The decision to invest is an acknowledgment that it comes with certain risks. Not all investments will do well and some may even lose money. However, without risk, there would be no opportunity to help you grow your wealth. Investing is a great way to create wealth, but no investment comes without risks. When we say risk we mean market volatility, which people have no control of.
What is Market Volatility
Volatility in simple terms is the rate at which the price of a market or security changes over time. People often think about volatility only when prices fall, however, volatility can also refer to sudden price rises too.
It’s the statistical measurement given to the market index, which refers to how consistently or inconsistently the investment performs. For example, the rise and fall of the stock market over a given period make it a volatile market.
This situation is absolutely normal, especially in terms of investment, and it will continue to rise and fall in cycles, investors will experience gains when conditions are good and prices rise, and negative events can trigger a loss when prices fall.
As the volatility increases, the potential to make more money also increases. However, it is not always good news, for the higher the volatility, the higher the investment risk. If the asset prices drop, it may be a loss for the investor, but it could also be a good buying opportunity for those who want to invest in the product.
In essence, market volatility can be a good thing or a bad thing for an investor. The situation depends on who views it and how they work around the market’s movement.
PLAY AROUND WITH THE SITUATION
There is nothing you can do with market movement, however, there are some better ways you can learn how to go with its flow.
Diversify Your Investments
As the saying goes, you should never put all your eggs in one basket. Doing that for your investment can help you take better control of your assets. If you have the money, consider spreading it over different types of investments.
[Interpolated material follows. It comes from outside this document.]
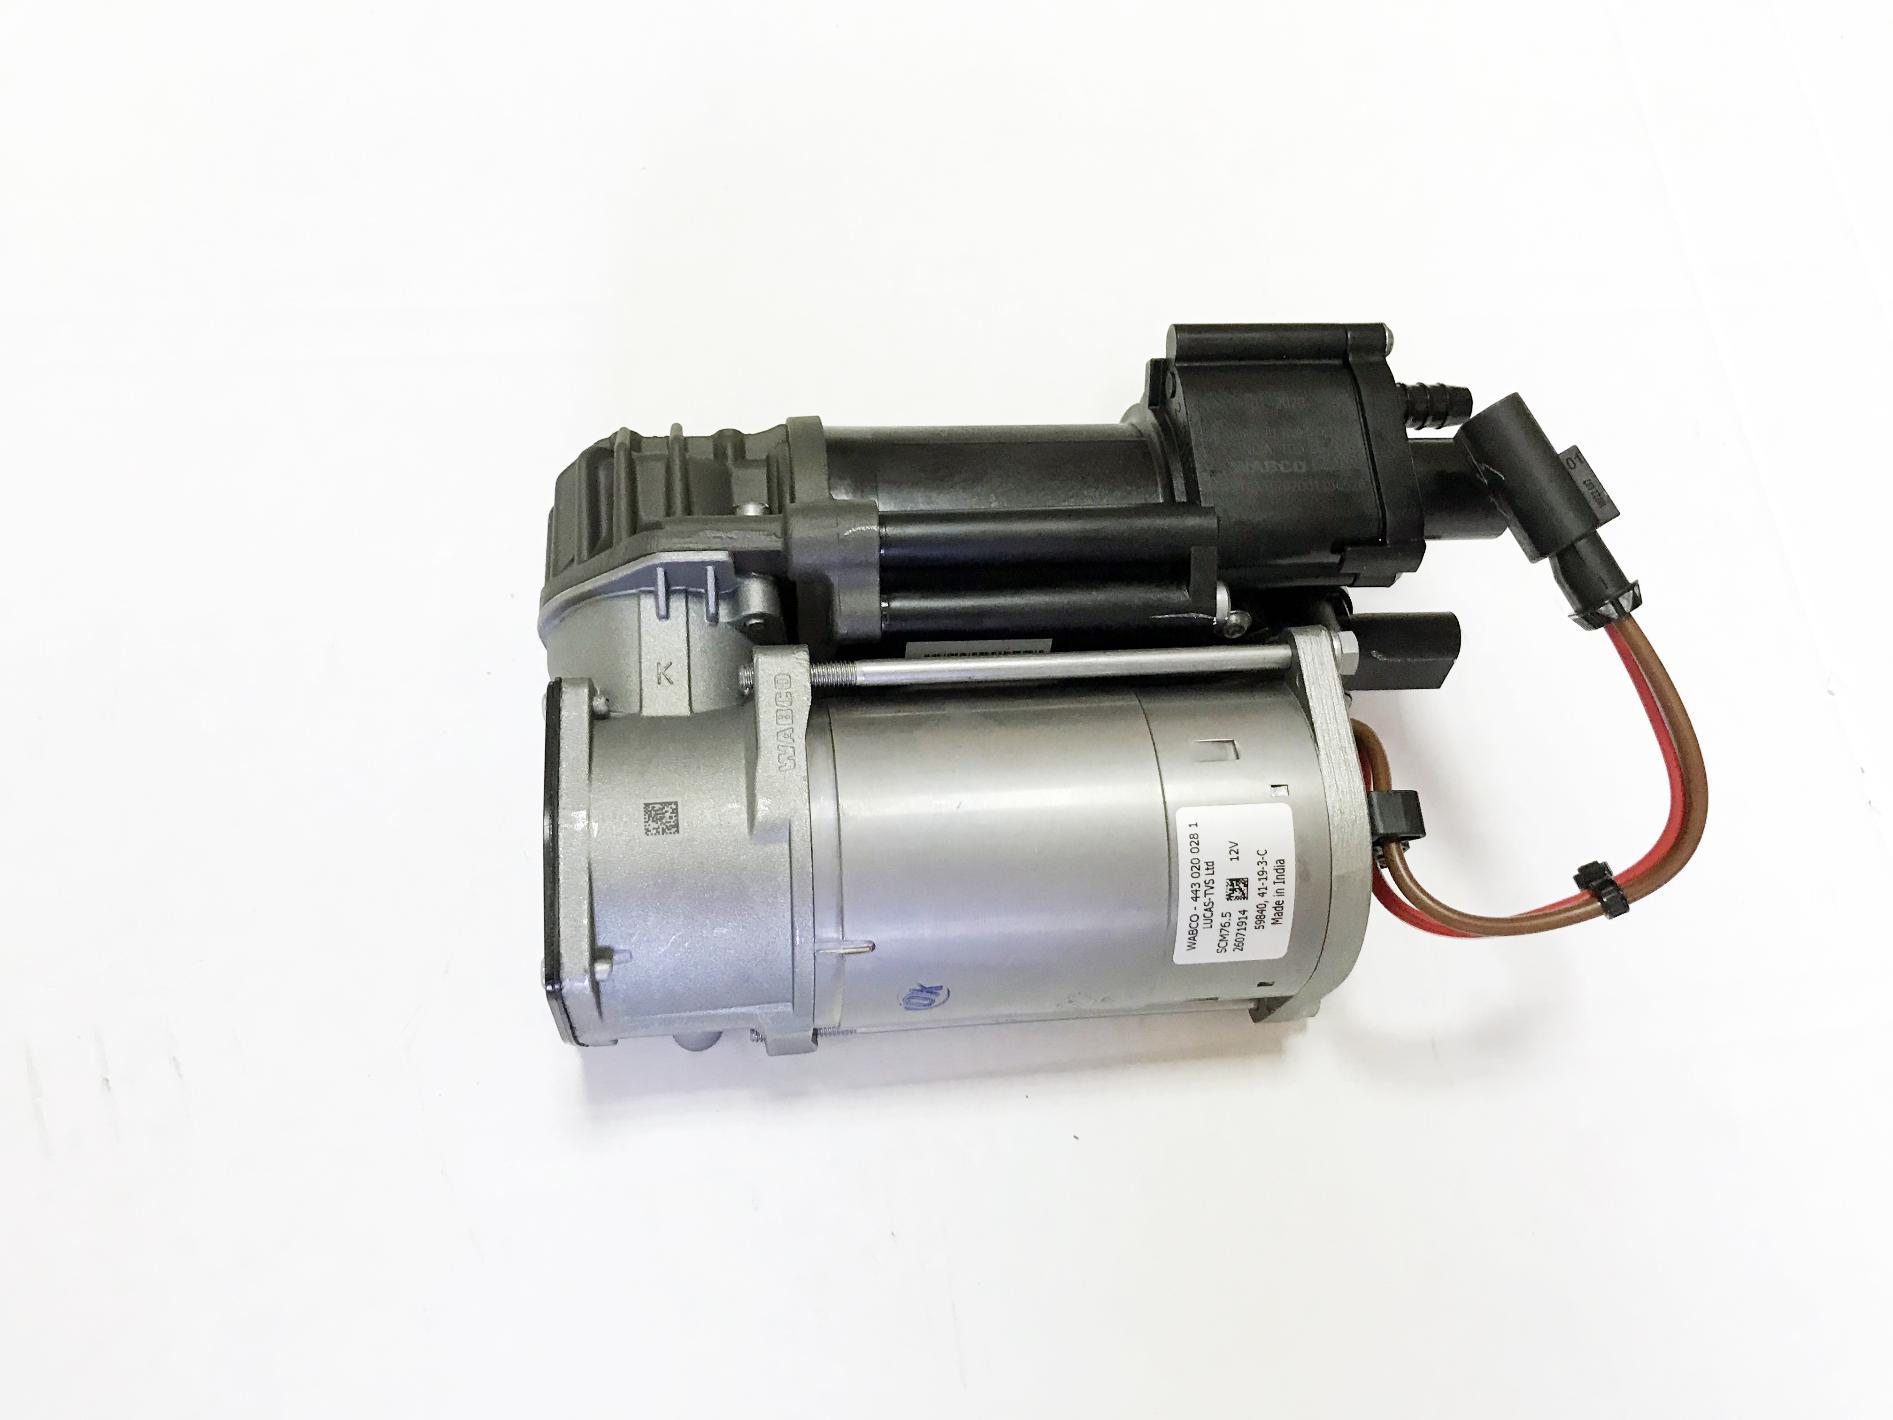 картинка Оригинальный компрессор пневмоподвески Wabco 37206875177 для BMW X5 (F15/ F85), X6 (F16/ F86) от магазина пневмоподвески ПневмоМаркет

The idea is that if one investment loses money, the other investments will make up for those losses. Diversification can’t guarantee that your investments won’t suffer if the market drops. But it can improve the chances that you won’t lose money, or that is you do, it won’t be as much as if you weren’t diversified.
Bear in mind, having a lot of investments does not make you diversified. To be diversified, you need to have lots of different kinds of investments.
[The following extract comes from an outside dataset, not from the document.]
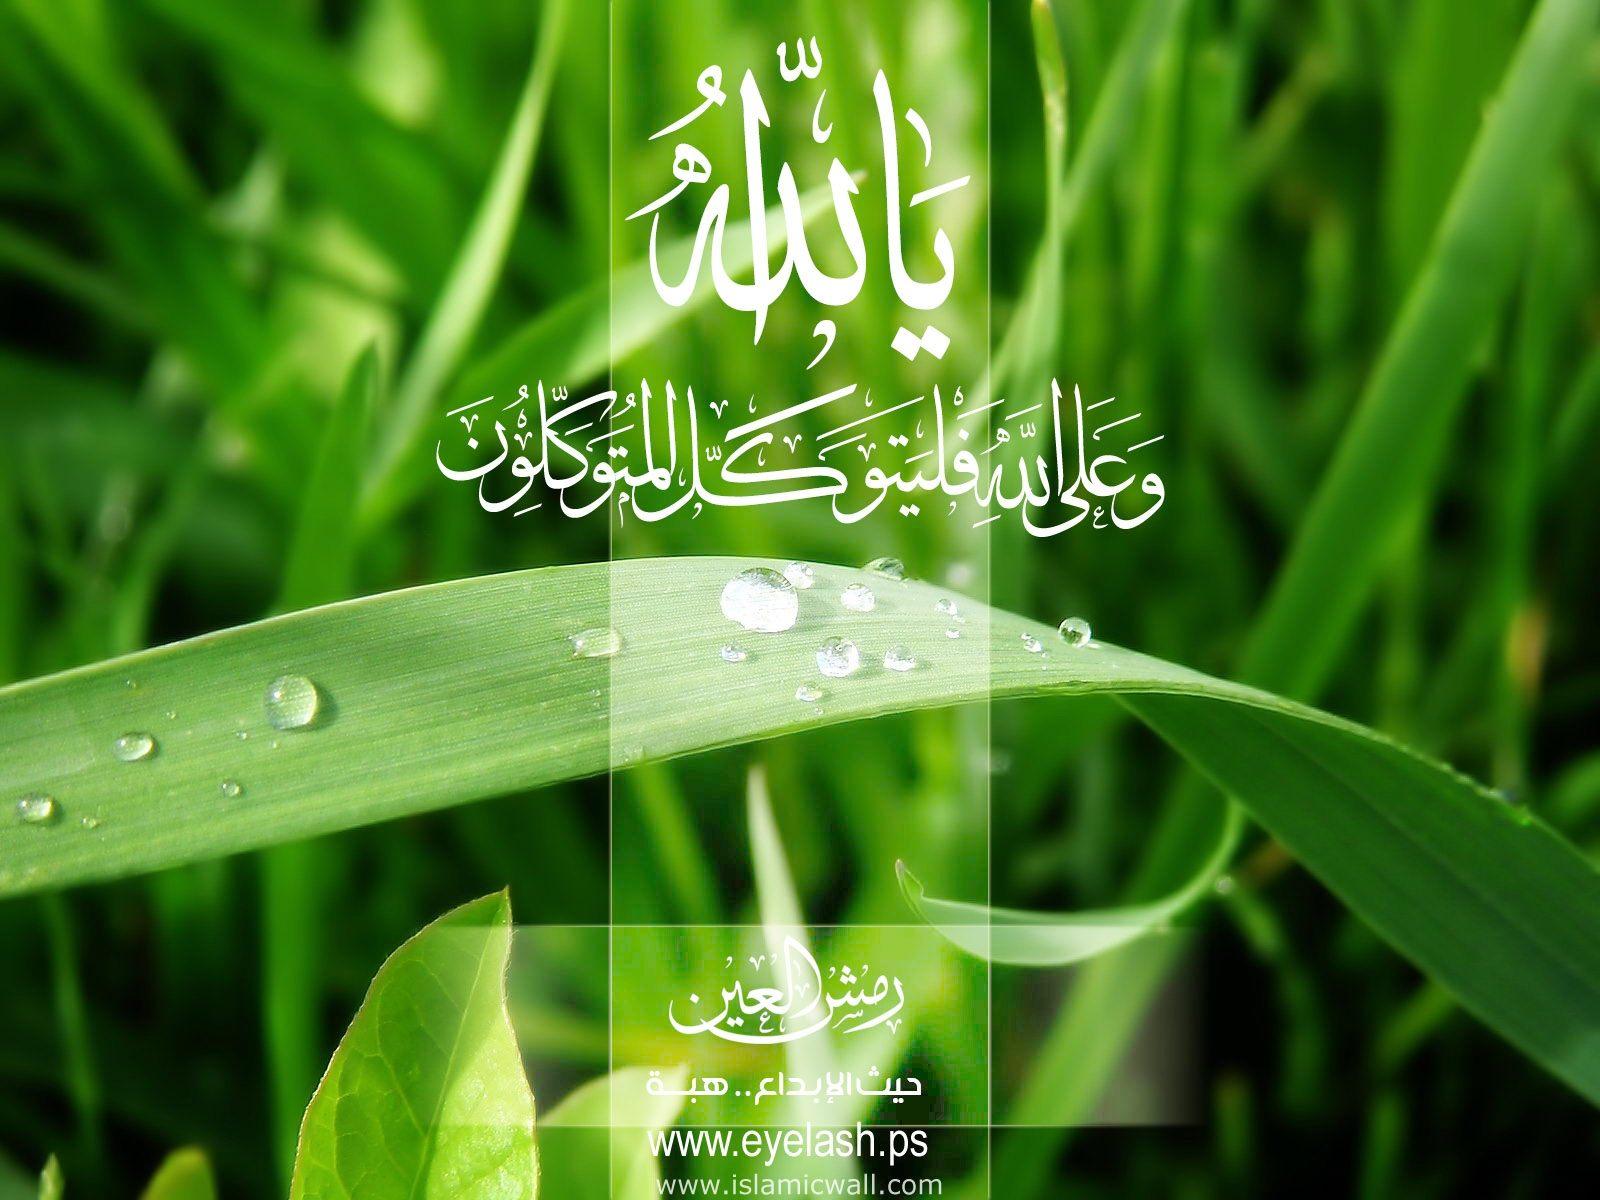 http://2.bp.blogspot.com/-BnpXZuLt9z8/T9BxJggcVrI/AAAAAAAAAng/eMsLm0YHKhM/s1600/Islamic_Wallpaper_by_neossonnic.jpg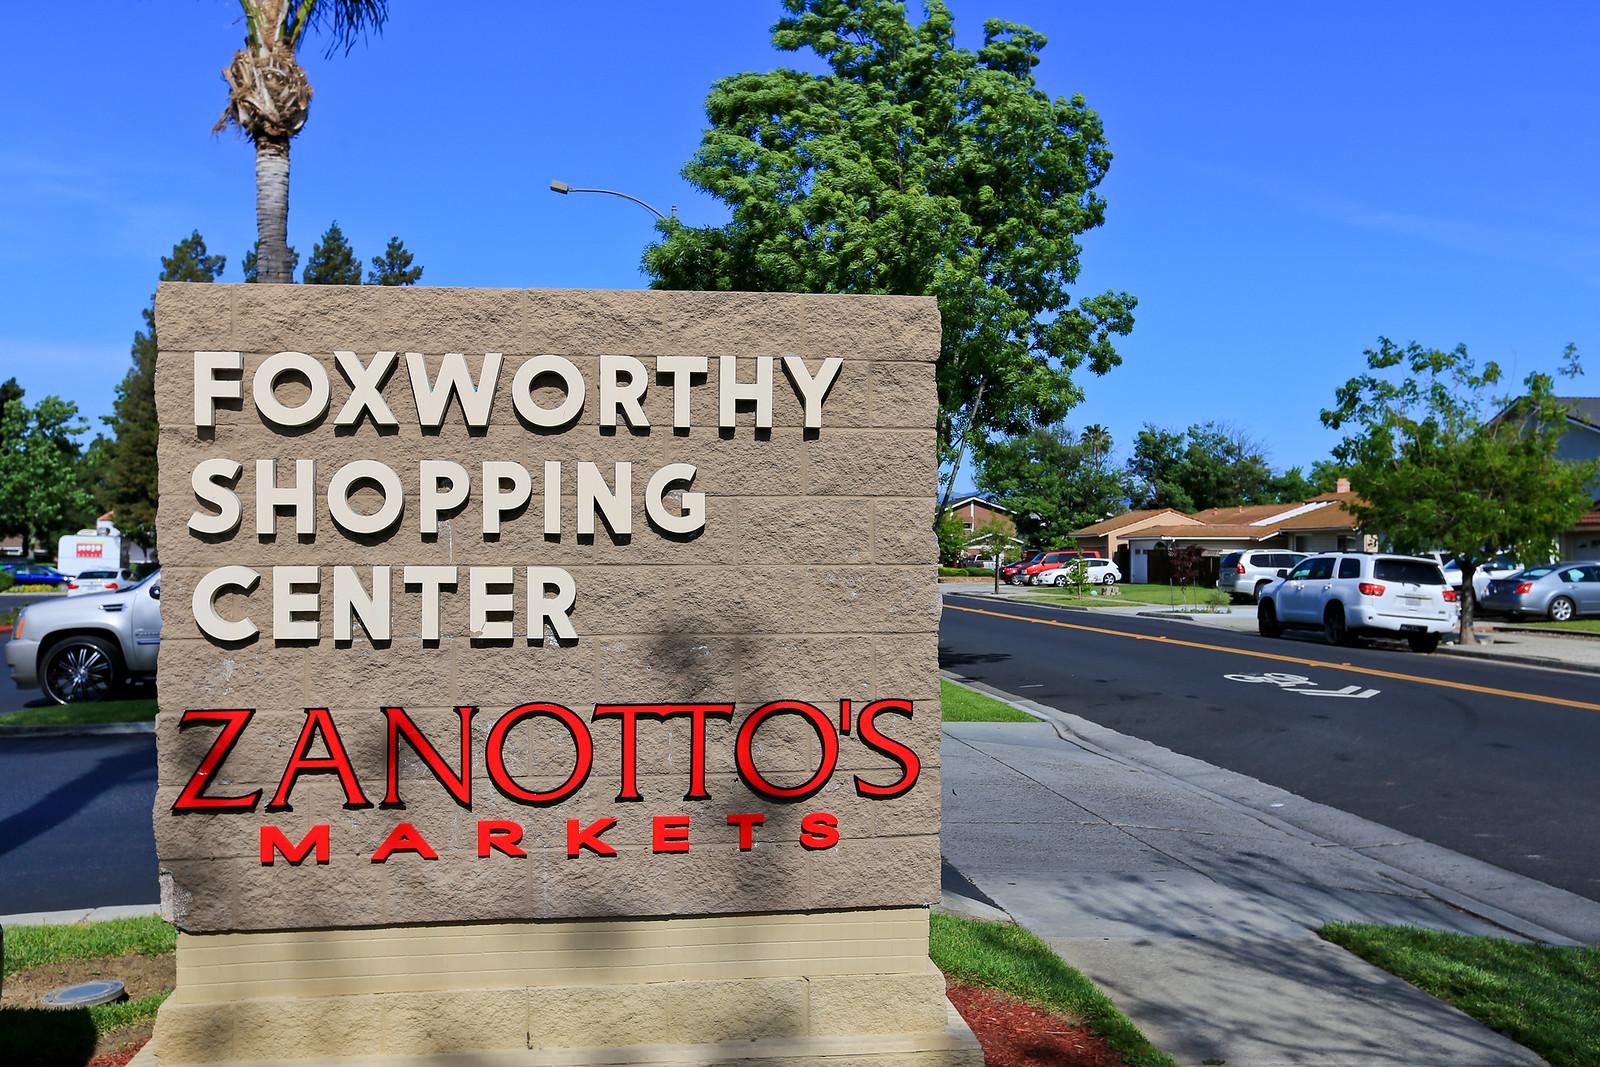 Foxworthy Shopping Center Willow Glen Blu Skye Media-X3.jpg

Look at the Situation from Another Viewpoint
You can’t predict the rise and fall of the market, and it will only stress you out to keep an eye on its movement all the time. Let your financial planner take care of the minor details for you. Instead of focusing on these small movements, it would be best to see your investments from a long-term perspective.
While there are constant ups and downs, if you look at your assets in a long-term time frame, you would notice the progress and see how your money continues to grow.
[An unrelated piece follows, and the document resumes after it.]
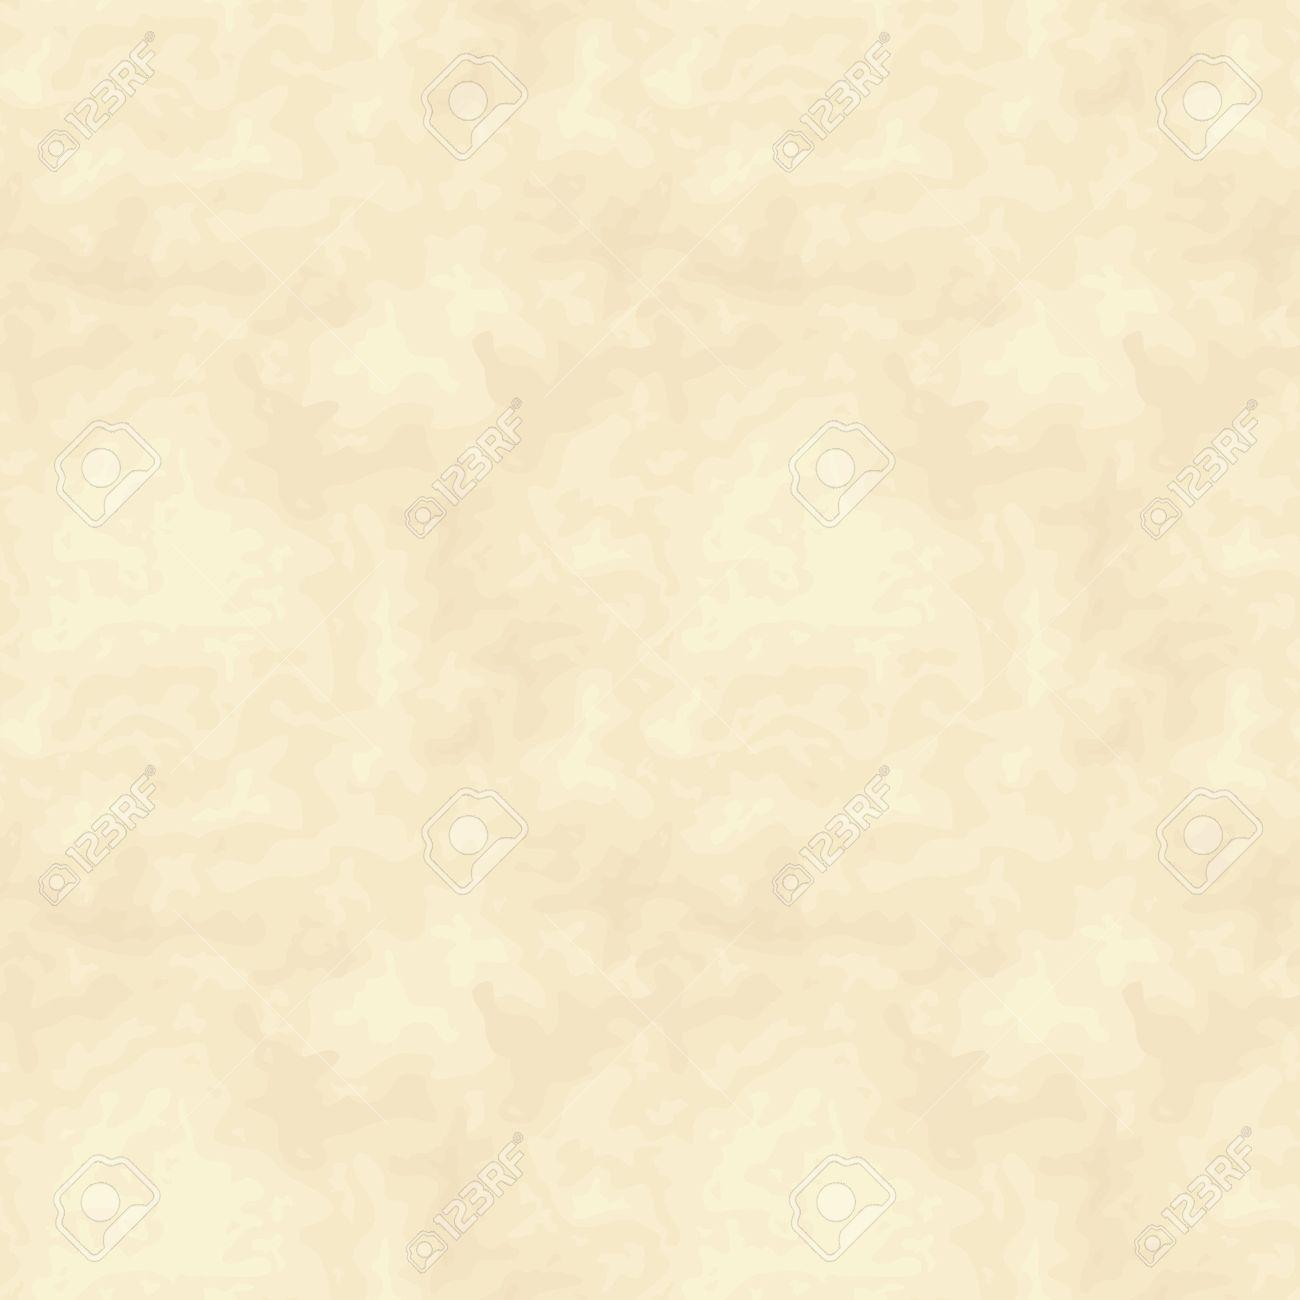 parchment paper vector seamless

Turn a Problem into an Opportunity
When the facts change, we change our minds- this is common to us.
Instead of changing your investment strategy abruptly during unstable times in the market, what you can do is find the opportunity in every problem.
When your asset is at its lowest, you could consider investing in it further and wait until it grows back to its highest value or more. If you have a solid investment in place, stick to it and ignore the noise. You should seek the guidance of your financial adviser before proceeding with further investments.
Stick with your Comfort Zone
When planning your investment portfolio, it’s important that you only expose yourself to a level of risk that you are comfortable with. Typically, if you’re nearing retirement, you are more likely to invest in defensive aka lower-risk investments to protect the nest egg they have worked so hard to accumulate. If you just entered the job market as a 20-something, you are more comfortable with taking risks and investing in growth assets as you have more time to make up losses.
Our rule of thumb is “the sleep factor” – if market volatility and your portfolio are keeping you awake at night then you should consider lowering your risk exposure.
The market is unpredictable, and the only way you can deal with it is to understand and accept that fact. When you learn how to dance to its music, that is the time you can find the best strategy to grow your money.
Because investing can be complicated, consider working with a financial professional to help guide you on your wealth-building journey.